I don't think that would suffice for taking the vCPUs out of SIE.
>
> Jason
On Tue, Jan 31, 2023 at 09:46:18AM -0500, Anthony Krowiak wrote:
> > Maybe you should split that lock and have a dedicated apcb lock?
>
> I don't think that would suffice for taking the vCPUs out of SIE.
Then I think we have to keep this patch and also do Matthew's patch to
keep kvm refs inside vfio as well.
Jason
On 1/31/23 9:48 AM, Jason Gunthorpe wrote:
> On Tue, Jan 31, 2023 at 09:46:18AM -0500, Anthony Krowiak wrote:
>
>>> Maybe you should split that lock and have a dedicated apcb lock?
>>
>> I don't think that would suffice for taking the vCPUs out of SIE.
>
> Then I think we have to keep this patch and also do Matthew's patch to
> keep kvm refs inside vfio as well.
>
I don't think keeping kvm refs inside vfio solves this issue though -- Even if we handle the kvm_put_kvm asynchronously within vfio as previously proposed, kvm_vfio_release will eventually get called and it gets called with the kvm->lock already held, then proceeds to call vfio_file_set_kvm which gets the group->lock. That order conflicts with the hierarchy used by the driver during open_device of vfio->group_lock ... kvm->lock.

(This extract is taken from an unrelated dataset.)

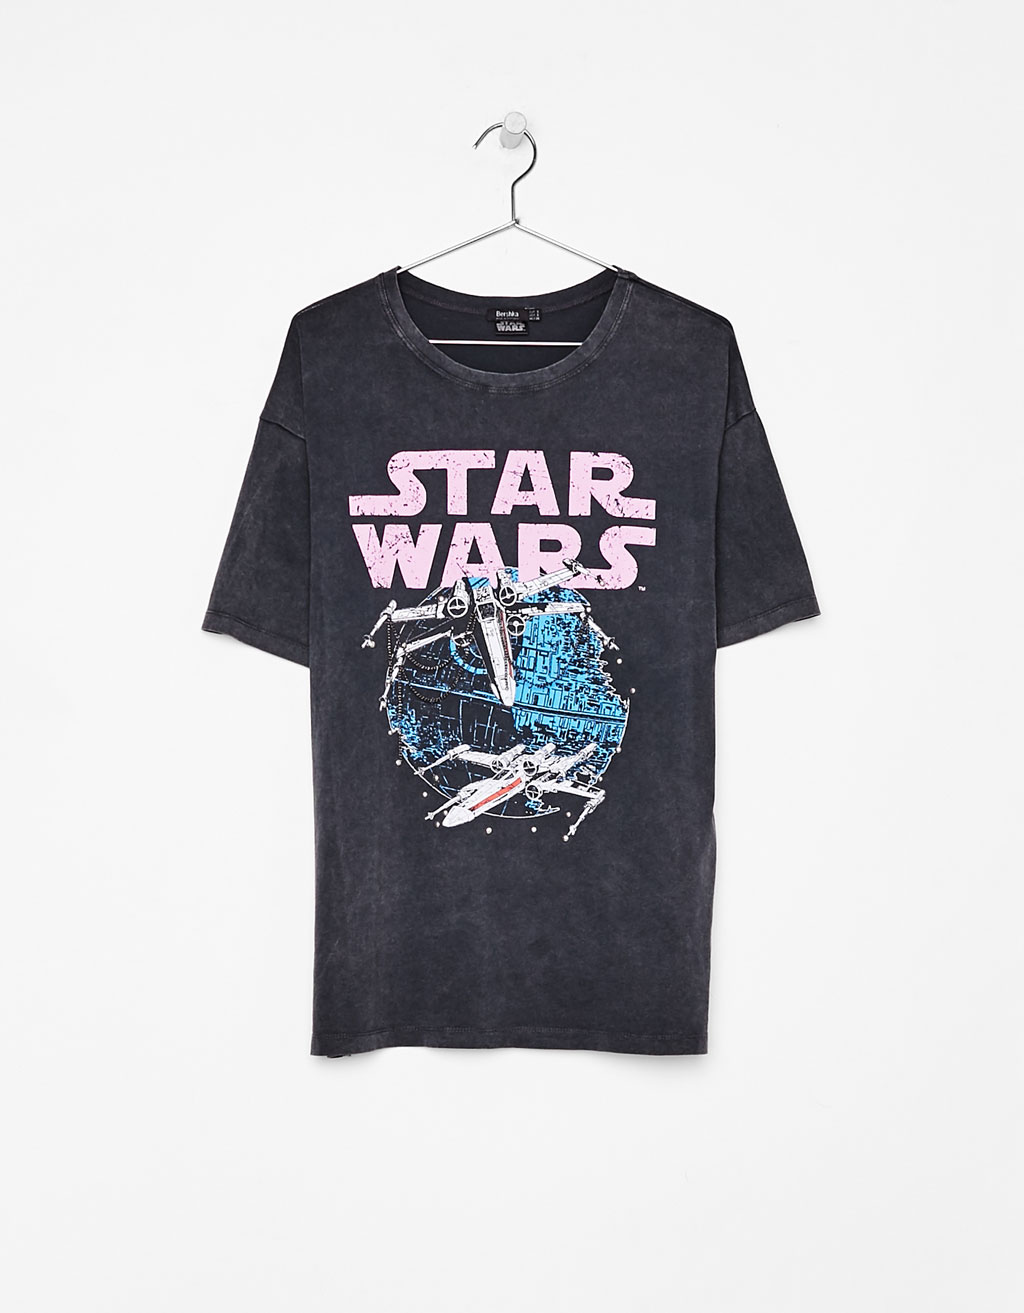 T-shirt Star Wars com correntes, Bershka, €15,99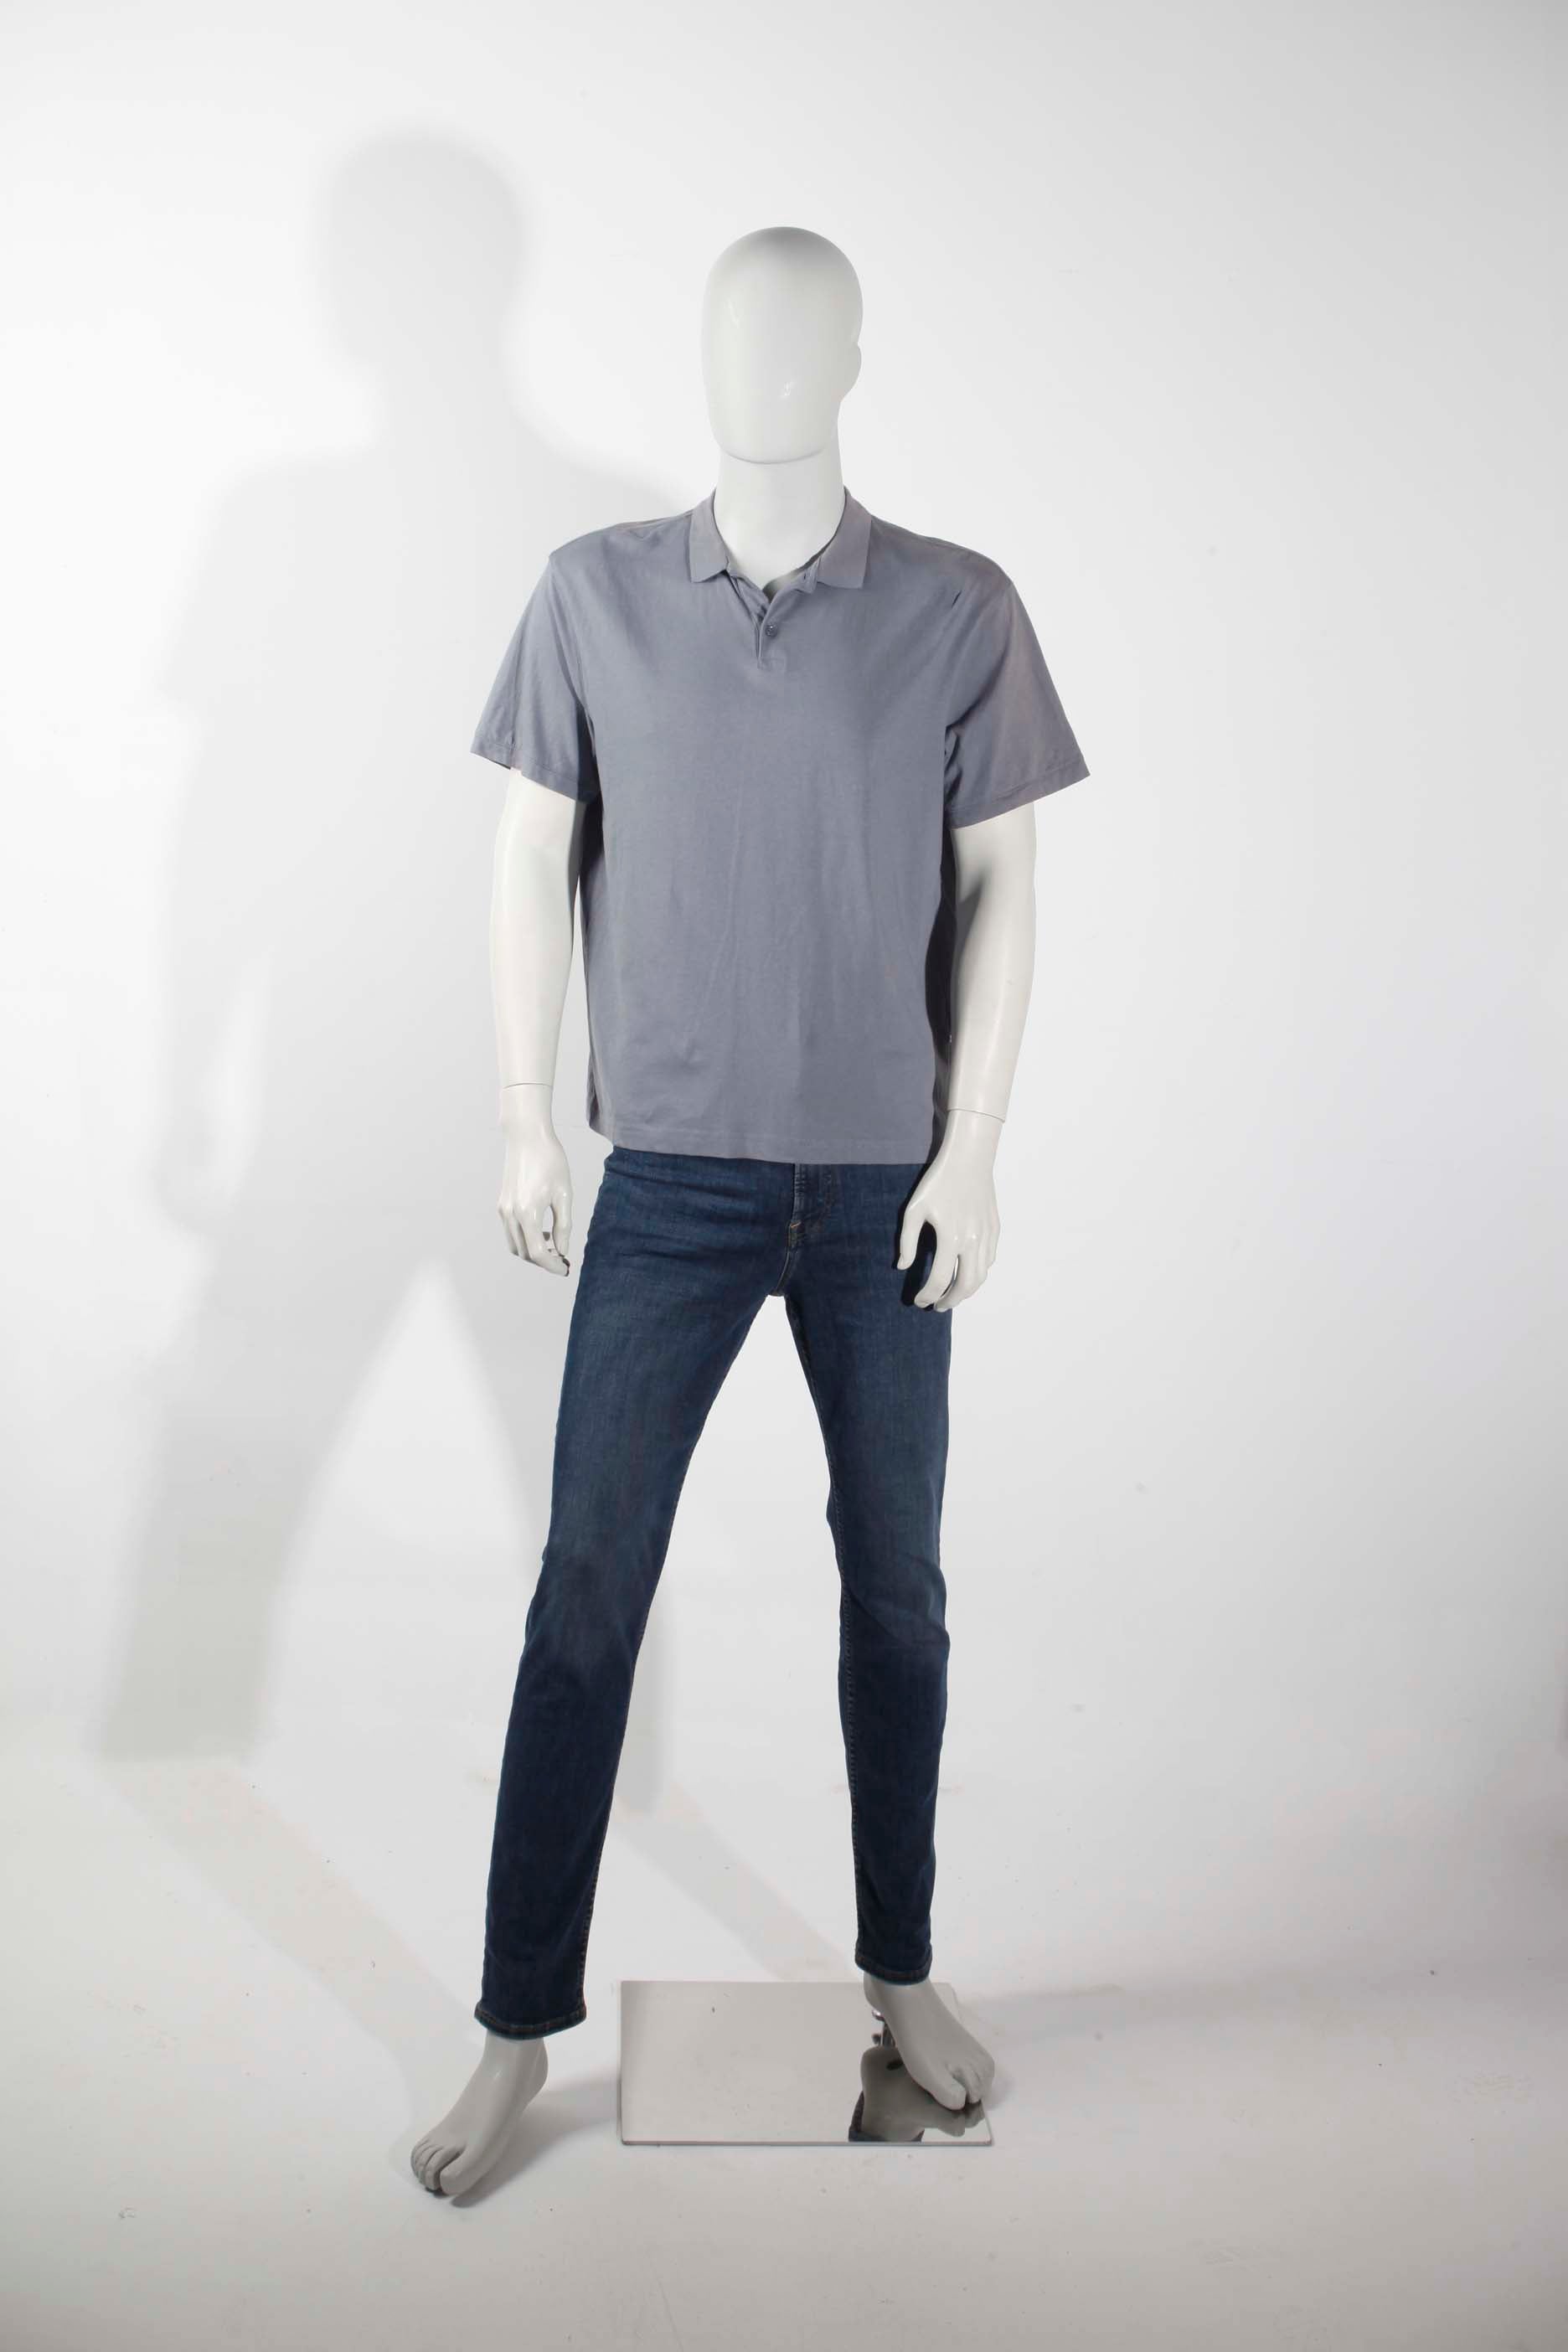 H&M Blue-Grey Polo Shirt (Medium)

On Tue, Jan 31, 2023 at 10:00:14AM -0500, Matthew Rosato wrote:
> On 1/31/23 9:48 AM, Jason Gunthorpe wrote:
> > On Tue, Jan 31, 2023 at 09:46:18AM -0500, Anthony Krowiak wrote:
> >
> >>> Maybe you should split that lock and have a dedicated apcb lock?
> >>
> >> I don't think that would suffice for taking the vCPUs out of SIE.
> >
> > Then I think we have to keep this patch and also do Matthew's patch to
> > keep kvm refs inside vfio as well.
> >
>
> I don't think keeping kvm refs inside vfio solves this issue though
> -- Even if we handle the kvm_put_kvm asynchronously within vfio as
> previously proposed, kvm_vfio_release will eventually get called and
> it gets called with the kvm->lock already held, then proceeds to
> call vfio_file_set_kvm which gets the group->lock. That order
> conflicts with the hierarchy used by the driver during open_device
> of vfio->group_lock ... kvm->lock.
The group lock is held by vfio_file_set_kvm() only because we don't
have a refcount and we have to hold it across the open call to keep
the pointer alive.
With proper refcounting you'd split this to a spinlock and hold it
only while obtaining the get ref for the open thread.
Jason